Whilst artificial intelligence has moved on from smart machines doing mundane, repetitive tasks, to more complex human-like behaviors such as beating humans at the strategy board game, Go, and algorithms that learn the more data you give them, instilling human-like qualities such as self-awareness and common sense into AI applications have not been solved yet. “[Self-awareness] is the last bastion of AI, which we may never conquer,” said George Zarkadakis, digital lead at risk management, insurance brokerage and advisory company Willis Towers Watson in the UK.
Corporate treasurers may not be out of a job yet, but they will have to adapt, or at least learn how to work with AI in their businesses. “Imagine a world,” says Zarkadakis, “where you can go beyond structured data and look at ‘dark data’—being able to predict risks that are not in your structured data and that can help you be a more creative person.”
The rise of the machines is likely to favour those individuals who are generalists, , says Zarkadakis, rather than specialists. “If you’re a generalist that can bring people together to collaborate and work with data, you are less likely to be terminated. If you want to survive in this new world, you have to understand Big Data and be a people person.”
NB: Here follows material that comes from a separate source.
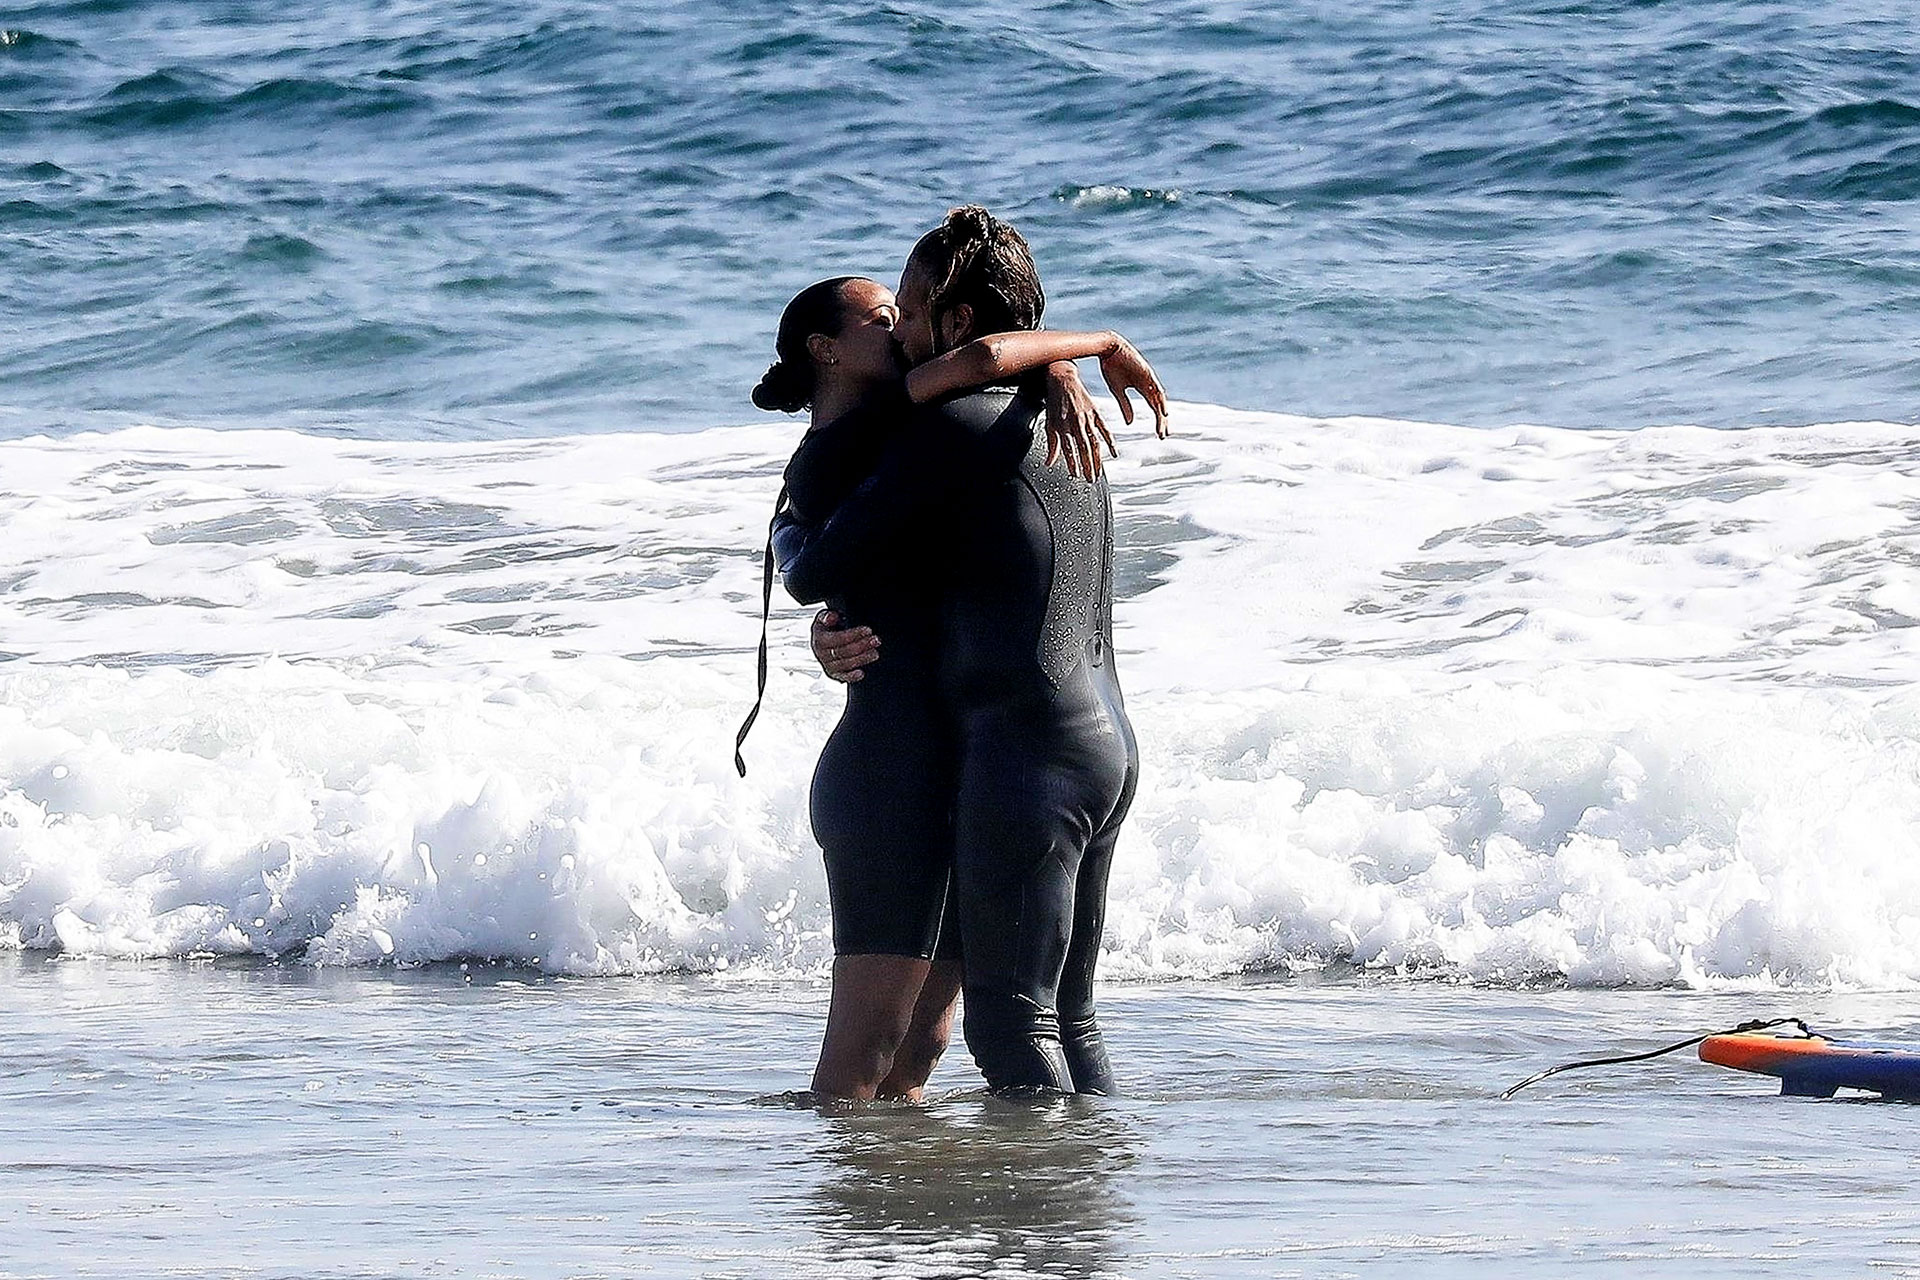 Muy enamorados: la actriz Zoe Saldana y su esposo, Marco Perego Saldana, se besaron y abrazaron en las playas de Malibú. La pareja se divirtió practicando surf en un hermoso día de sol (Foto: Backgrid / The Grosby Group)

The right collaboration culture is needed to make AI work in a corporate environment says Zarkadakis. But there is a dark side to AI. “Technology companies may have a different agenda to society [when it comes to using AI],” says Zarkadakis, “that may not necessarily be what society wants to do.”
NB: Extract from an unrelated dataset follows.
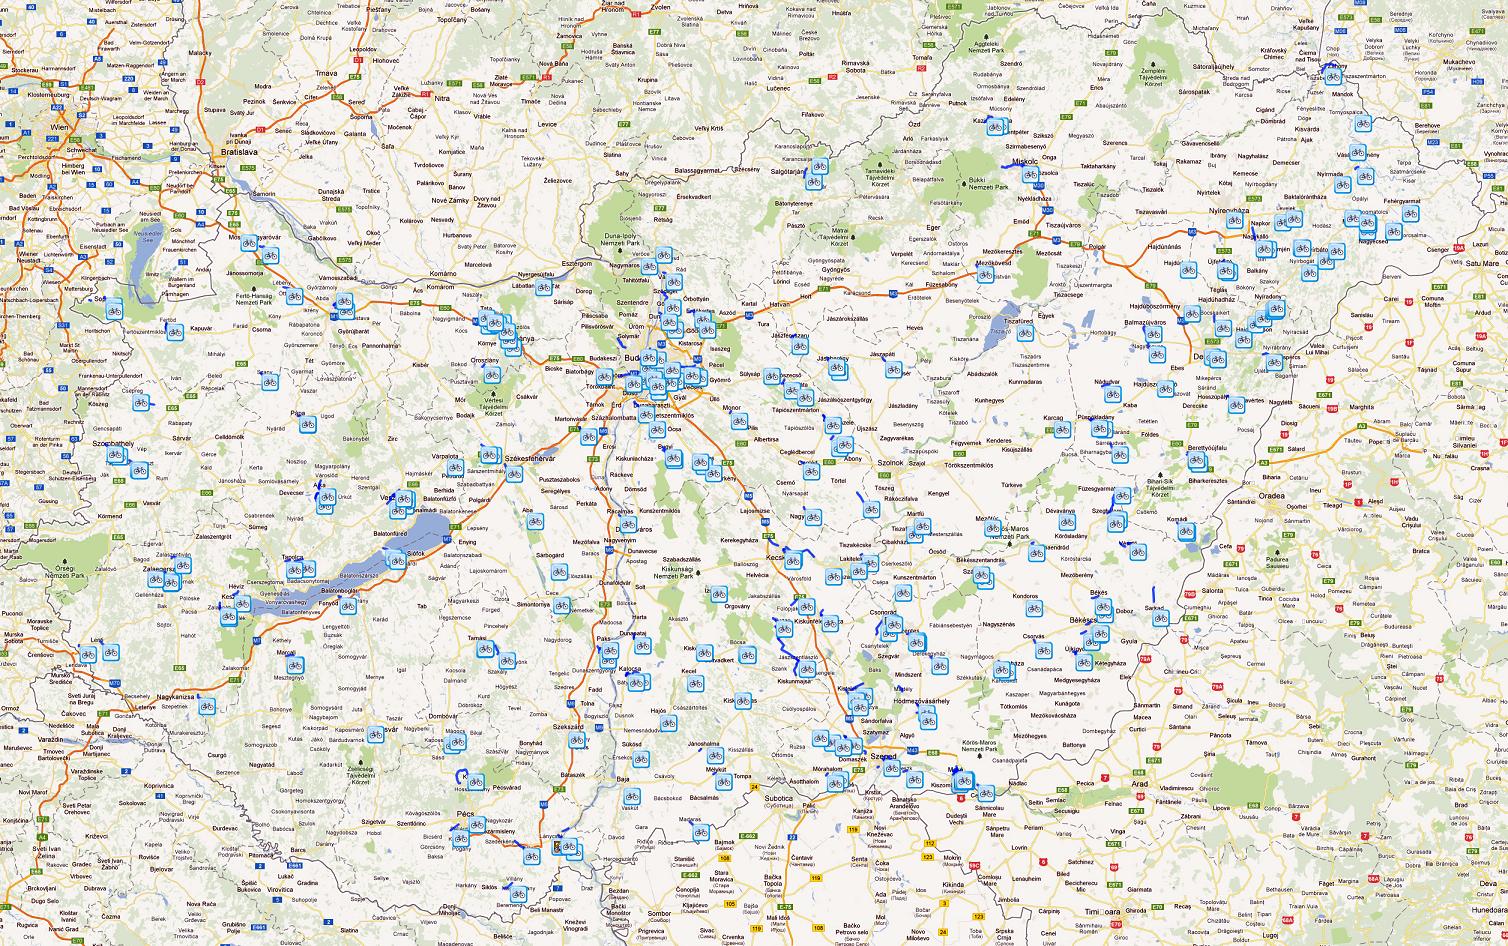 biciklis térkép Magyarország kerékpáros térképe   Biciklopédia biciklis térkép

For most corporate treasurers, the widespread application of AI within their own businesses still seems like a distant prospect. Most of the work in this area is still being done in labs set up by technology companies like Google and Apple.
One of the areas, however, where AI could have significant ramifications for corporations and their finance departments is in applying complex machine learning algorithms to data to detect fraudulent transactions, for example, or more simply, getting the right information to the right person at the right time so they can do their job better.
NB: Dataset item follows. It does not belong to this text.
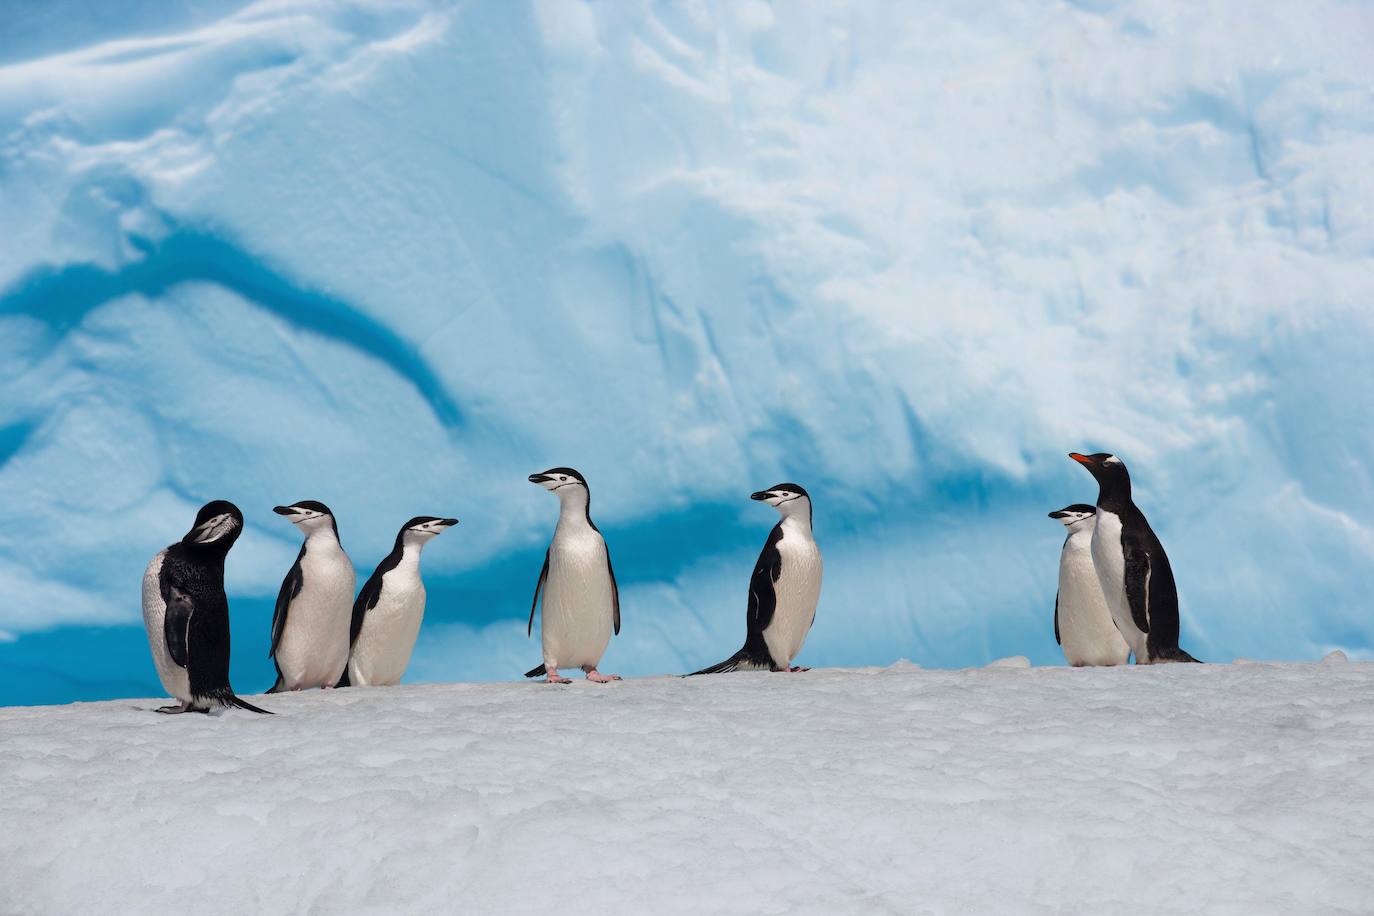 Esta fotografía del folleto tomada por John B. Weller y publicada por Pew Charitable Trusts muestra pingüinos vistos en la Antártida. El 25 de abril de 2017, los científicos instaron a más protecciones en la naturaleza virgen de esta zona para ayudar a detener el declive de las especies, con el cambio climático y la sobrepesca cobrando su precio. La convocatoria, que coincide con el Día Mundial del Pingüino, creada para promover la salud y la conservación de las icónicas aves marinas, se basa en un acuerdo histórico alcanzado en Australia en octubre pasado para crear la reserva marina más grande del mundo.

Advances in computing power (Quantum computing) and data storage (in the Cloud) makes applying complex algorithms to large data sets to detect patterns unrecognizable to the human eye, more feasible than ever before.
However, if AI is to move from the lab to the real world and corporate treasuries, then a number of things need to happen, says Chris Wigley, a partner at McKinsey and COO of QuantumBlack, a McKinsey data analytics company. Firstly, he says companies need to identify data sets they can work with—they might be in their enterprise resource planning systems or they may have to create new data. Companies need to identify the “high value” opportunities, says Wigley, find the data sets that reflect reality, and build a portfolio of trials (not all of them will be successful).
Data security is also key, says Wigley. QuantumBlack recently appointed a chief trust officer and he says they try and instil data security into the “muscle memory” of all their employees–“it’s like cybersecurity “Kung Fu.”